Re: Strange results from Nvidia compiler: vasp 6.4.2

Posted: Mon Sep 25, 2023 8:36 am
by merzuk.kaltak
Dear Sergey,

please provide us some input and output files (preferably for a small system).
We would like to reproduce your problem.
Also, please let us know which libraries (and versions) you use to compile and link vasp to.
If possible, please upload also the makefile.include used.
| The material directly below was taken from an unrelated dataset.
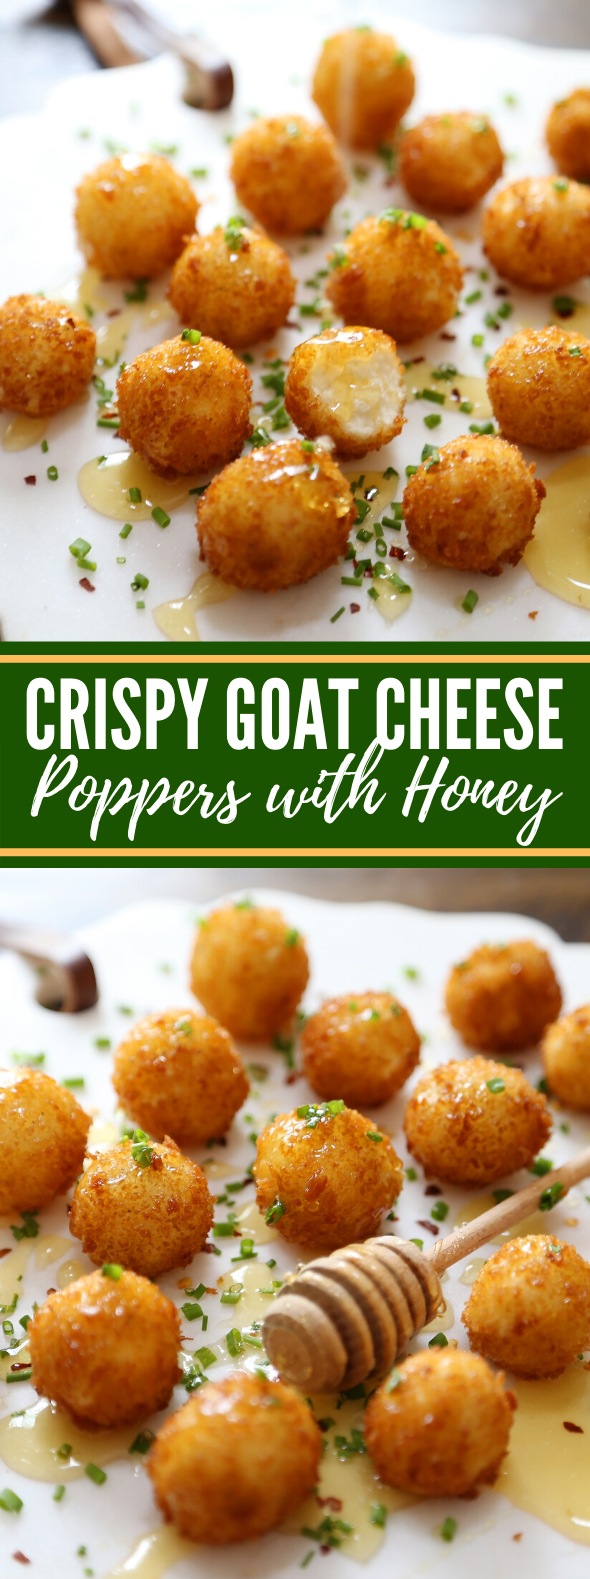 CRISPY GOAT CHEESE POPPERS WITH HONEY #appetizers #vegetarian

Re: Strange results from Nvidia compiler: vasp 6.4.2

Posted: Tue Oct 03, 2023 6:57 pm
by sergey_lisenkov1
Good evening,

I apologize for the late reply.

Please find attached the set of input files and makefile.include I used. The test file is not small, but it really takes 5 minutes to get this error.
I used lapack/blas/scalapack as shipped with Nvidia SDK set, and FFTW-3.3.10.

Re: Strange results from Nvidia compiler: vasp 6.4.2

Posted: Wed Oct 04, 2023 9:36 am
by merzuk.kaltak
Dear Sergey,

Please upload the input files including OUTCAR of the successful run as well.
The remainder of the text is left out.